Using Master Match is a three-stage process. First, click the Learn Reference button to pull the frequency response curve out of your reference tracks. Then, click Learn Source and play your source track or project back for as long as you like. Finally, click Match to have the module apply the reference EQ curve to your track and automatically set the Spectral Matching and RMS Matching depth sliders for what it considers to be optimum results. You can set upper and lower frequency limits to focus the processing on a particular range, click in up to eight parametric EQ filters for manual editing, and switch between ‘smooth’ and ‘sharp’ matching.

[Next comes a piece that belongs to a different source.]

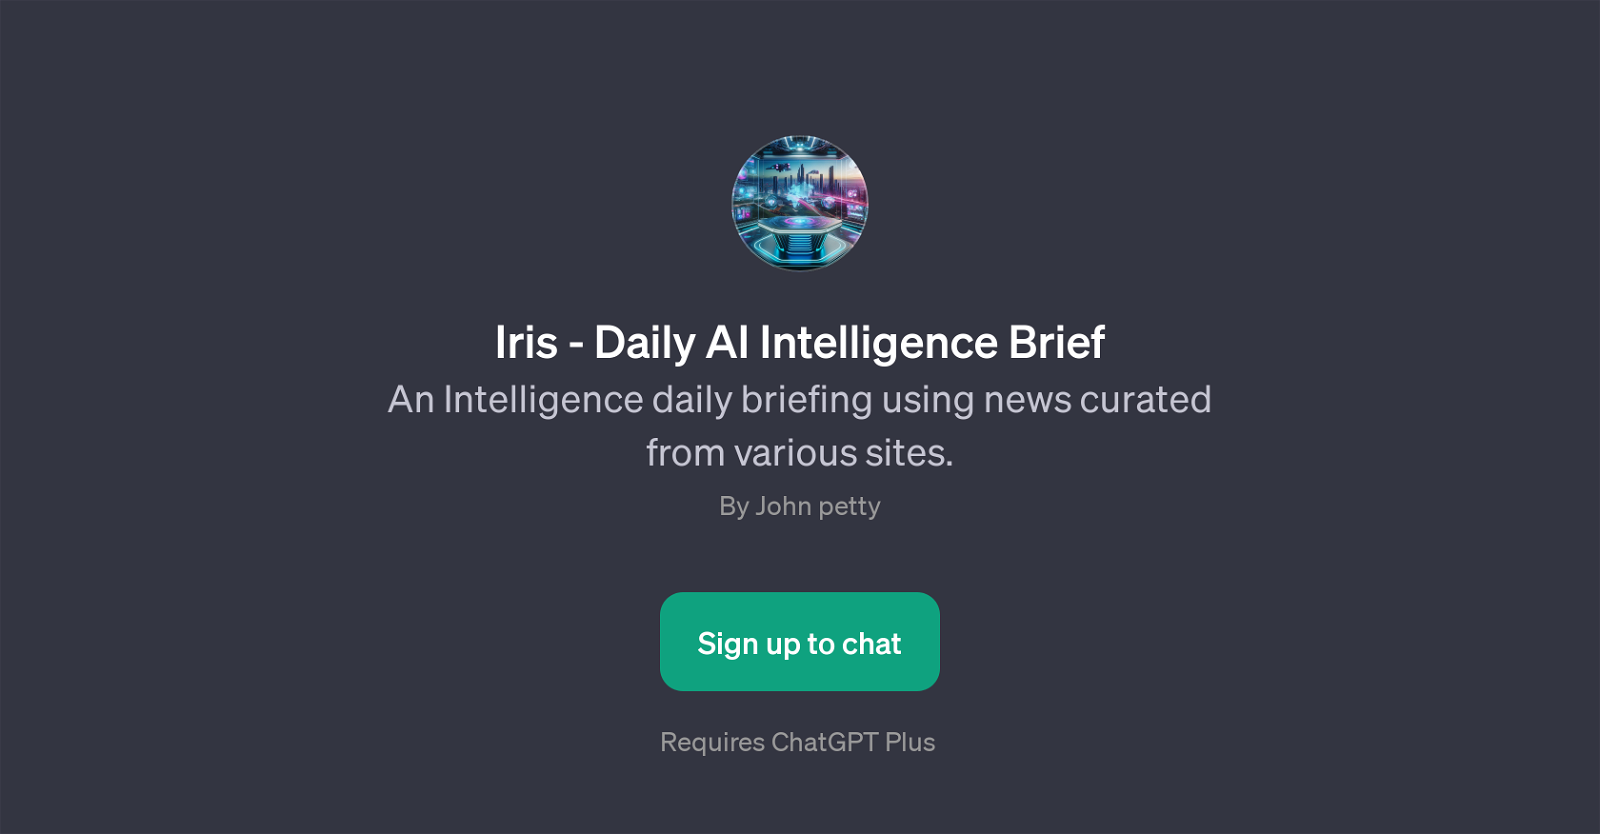 Iris - Daily AI Intelligence Brief website

Master Match works well enough, but as with all matching EQs, the curves it comes up with should be taken as suggestions and tweaked to taste - it isn’t, of course, the world’s first fully automatic mastering engineer.
The four new modules (one of which is covered in Game, Set and Master Match) are all solid additions to the roster. One is a channel strip, comprising compressor, EQ, exciter, low-end enhancer and limiter, presented as a set of ‘macro’ controls, each of which adjusts various behind-the-scenes settings.
The EQ section, for example, consists of Air, Focus and Body knobs, while compression and limiting are dialled in with Push and Volume. Valve-style saturation is on tap via the Analog knob; Bass Punch and Transients tighten up the bottom end and emphasise/deemphasise attack transients respectively; and the Width knob narrows or widens the stereo image. It sounds fantastic and gives the newcomer to mastering an intuitive assisted processing solution, but it’s not going to be anyone’s first choice for detailed sculpting.
Dyna-Mu is an emulation of the Manley Variable MU compressor. IK describe it as “indistinguishable from the hardware”, and it does sounds absolutely lovely, oozing warmth, musicality and working wonders on drum overheads and the master bus.
Finally, EQual is a flexible ten-band parametric equaliser. Every band can be set to one of nine filter types (high-pass, low-pass, shelf, bell, tilt, etc), each one offering up to ten circuit modelling options, including a variety of Neve, SSL and API emulations. It’s s a versatile hybrid EQ for both mixing and mastering.
The right side of the T-RackS
T-RackS 5’s interface is a night-and-day improvement, the change reminding us of Superior Drummer 3’s joyous metamorphosis; and the Metering section is a major step up, too.
Those alone give the whole thing the sheen and excitement factor of a whole new application, but the four new processors also play their part - particularly Dyna-Mu - and Album Assembly is simple but effective. This is a transformative update, making IK’s professional effects suite feel more relevant and capable than ever.